** Opening Exercise input block **

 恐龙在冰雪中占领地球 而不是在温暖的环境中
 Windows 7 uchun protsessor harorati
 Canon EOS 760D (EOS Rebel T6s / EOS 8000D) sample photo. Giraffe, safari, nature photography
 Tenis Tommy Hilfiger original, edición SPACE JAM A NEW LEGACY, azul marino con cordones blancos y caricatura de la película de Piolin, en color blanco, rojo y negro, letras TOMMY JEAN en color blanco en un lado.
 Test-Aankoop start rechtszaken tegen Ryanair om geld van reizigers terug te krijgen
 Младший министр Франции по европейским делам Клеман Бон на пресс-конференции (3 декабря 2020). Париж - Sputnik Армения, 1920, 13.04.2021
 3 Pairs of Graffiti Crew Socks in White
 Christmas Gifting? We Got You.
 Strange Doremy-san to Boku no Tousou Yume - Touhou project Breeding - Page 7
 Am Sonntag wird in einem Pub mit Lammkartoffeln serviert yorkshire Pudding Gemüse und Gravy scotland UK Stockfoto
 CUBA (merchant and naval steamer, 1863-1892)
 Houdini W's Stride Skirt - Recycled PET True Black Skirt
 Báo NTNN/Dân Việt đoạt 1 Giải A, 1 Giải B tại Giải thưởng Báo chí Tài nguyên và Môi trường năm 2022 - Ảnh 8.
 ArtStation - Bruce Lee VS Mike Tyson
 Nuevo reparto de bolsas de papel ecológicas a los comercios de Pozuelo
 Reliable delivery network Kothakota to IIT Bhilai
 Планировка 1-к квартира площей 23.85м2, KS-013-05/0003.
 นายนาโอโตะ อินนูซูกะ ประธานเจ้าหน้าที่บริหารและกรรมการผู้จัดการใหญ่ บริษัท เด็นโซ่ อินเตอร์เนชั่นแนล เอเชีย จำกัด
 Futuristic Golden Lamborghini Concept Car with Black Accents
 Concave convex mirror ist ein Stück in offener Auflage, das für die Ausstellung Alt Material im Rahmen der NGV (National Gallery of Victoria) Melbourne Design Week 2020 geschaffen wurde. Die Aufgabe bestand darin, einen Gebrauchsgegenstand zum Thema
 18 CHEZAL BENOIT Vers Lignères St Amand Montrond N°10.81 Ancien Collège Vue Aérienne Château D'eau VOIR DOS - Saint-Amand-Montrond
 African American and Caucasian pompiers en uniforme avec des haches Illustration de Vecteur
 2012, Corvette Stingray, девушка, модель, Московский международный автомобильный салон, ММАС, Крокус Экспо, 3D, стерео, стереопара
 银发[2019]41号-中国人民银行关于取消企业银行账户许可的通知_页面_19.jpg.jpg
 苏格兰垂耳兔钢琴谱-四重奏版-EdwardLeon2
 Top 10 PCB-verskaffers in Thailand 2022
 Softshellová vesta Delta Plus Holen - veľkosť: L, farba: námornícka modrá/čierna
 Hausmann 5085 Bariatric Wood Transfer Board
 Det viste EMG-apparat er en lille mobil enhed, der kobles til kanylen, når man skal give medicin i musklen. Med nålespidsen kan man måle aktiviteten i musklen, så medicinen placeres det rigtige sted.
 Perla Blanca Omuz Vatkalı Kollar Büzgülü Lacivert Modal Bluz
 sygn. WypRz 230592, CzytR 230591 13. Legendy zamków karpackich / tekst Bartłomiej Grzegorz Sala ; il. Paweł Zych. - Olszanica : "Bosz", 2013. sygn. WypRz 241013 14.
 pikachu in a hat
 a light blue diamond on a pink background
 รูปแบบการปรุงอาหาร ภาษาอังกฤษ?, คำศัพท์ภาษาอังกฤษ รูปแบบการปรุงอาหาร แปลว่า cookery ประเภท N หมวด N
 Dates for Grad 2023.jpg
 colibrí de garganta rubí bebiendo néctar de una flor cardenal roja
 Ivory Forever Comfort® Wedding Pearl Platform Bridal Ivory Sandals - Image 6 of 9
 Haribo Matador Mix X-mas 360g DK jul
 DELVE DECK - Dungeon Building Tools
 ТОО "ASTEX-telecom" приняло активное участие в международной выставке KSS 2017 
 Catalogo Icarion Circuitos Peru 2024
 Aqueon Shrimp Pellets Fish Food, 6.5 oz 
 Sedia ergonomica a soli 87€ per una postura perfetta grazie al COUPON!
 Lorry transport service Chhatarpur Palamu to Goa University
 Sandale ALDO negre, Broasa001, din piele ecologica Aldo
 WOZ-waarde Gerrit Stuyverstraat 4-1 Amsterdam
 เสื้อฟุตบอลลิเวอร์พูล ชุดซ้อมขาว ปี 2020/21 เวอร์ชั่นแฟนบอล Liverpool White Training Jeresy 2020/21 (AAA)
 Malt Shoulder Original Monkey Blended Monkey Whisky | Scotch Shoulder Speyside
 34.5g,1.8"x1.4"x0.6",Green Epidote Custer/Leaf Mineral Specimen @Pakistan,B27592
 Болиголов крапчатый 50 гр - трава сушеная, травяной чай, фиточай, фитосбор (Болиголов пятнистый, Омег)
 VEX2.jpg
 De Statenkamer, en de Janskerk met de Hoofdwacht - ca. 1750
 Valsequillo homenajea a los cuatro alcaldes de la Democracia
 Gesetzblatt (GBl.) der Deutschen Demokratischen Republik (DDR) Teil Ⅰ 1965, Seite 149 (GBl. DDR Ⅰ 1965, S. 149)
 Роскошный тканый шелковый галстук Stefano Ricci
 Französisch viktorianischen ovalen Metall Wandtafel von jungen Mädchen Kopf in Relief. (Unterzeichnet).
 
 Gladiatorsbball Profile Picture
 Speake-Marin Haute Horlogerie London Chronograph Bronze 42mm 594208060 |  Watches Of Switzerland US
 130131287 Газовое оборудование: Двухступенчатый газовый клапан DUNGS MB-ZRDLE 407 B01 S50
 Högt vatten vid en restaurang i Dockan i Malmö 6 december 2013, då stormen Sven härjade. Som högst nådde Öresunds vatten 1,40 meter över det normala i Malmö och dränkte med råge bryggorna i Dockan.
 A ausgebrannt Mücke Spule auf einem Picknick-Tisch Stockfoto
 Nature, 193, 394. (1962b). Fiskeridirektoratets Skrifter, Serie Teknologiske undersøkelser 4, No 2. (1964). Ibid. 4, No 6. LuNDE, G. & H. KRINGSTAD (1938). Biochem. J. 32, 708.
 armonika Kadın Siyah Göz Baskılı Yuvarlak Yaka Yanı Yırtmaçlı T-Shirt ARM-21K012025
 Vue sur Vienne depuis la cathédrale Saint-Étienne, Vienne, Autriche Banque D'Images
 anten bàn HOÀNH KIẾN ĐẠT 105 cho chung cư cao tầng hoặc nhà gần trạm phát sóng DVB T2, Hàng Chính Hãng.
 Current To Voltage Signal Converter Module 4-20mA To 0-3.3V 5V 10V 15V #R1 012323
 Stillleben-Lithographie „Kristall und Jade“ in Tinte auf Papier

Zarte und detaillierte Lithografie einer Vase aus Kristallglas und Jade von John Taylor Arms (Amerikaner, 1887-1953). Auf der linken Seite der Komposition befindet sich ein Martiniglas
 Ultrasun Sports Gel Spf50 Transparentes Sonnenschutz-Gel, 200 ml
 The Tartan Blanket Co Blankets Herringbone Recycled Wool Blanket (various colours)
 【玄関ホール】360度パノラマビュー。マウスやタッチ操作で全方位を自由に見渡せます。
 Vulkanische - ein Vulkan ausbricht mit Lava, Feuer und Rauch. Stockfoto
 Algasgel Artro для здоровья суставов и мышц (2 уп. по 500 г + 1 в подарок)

** Closing Exercise input block **

* **Work order**
In your answer, include only the lines above starting at the line that holds "Am Sonntag wird" and ending at the line that holds "Concave convex mirror", copied exactly.

* **The answer**
 Am Sonntag wird in einem Pub mit Lammkartoffeln serviert yorkshire Pudding Gemüse und Gravy scotland UK Stockfoto
 CUBA (merchant and naval steamer, 1863-1892)
 Houdini W's Stride Skirt - Recycled PET True Black Skirt
 Báo NTNN/Dân Việt đoạt 1 Giải A, 1 Giải B tại Giải thưởng Báo chí Tài nguyên và Môi trường năm 2022 - Ảnh 8.
 ArtStation - Bruce Lee VS Mike Tyson
 Nuevo reparto de bolsas de papel ecológicas a los comercios de Pozuelo
 Reliable delivery network Kothakota to IIT Bhilai
 Планировка 1-к квартира площей 23.85м2, KS-013-05/0003.
 นายนาโอโตะ อินนูซูกะ ประธานเจ้าหน้าที่บริหารและกรรมการผู้จัดการใหญ่ บริษัท เด็นโซ่ อินเตอร์เนชั่นแนล เอเชีย จำกัด
 Futuristic Golden Lamborghini Concept Car with Black Accents
 Concave convex mirror ist ein Stück in offener Auflage, das für die Ausstellung Alt Material im Rahmen der NGV (National Gallery of Victoria) Melbourne Design Week 2020 geschaffen wurde. Die Aufgabe bestand darin, einen Gebrauchsgegenstand zum Thema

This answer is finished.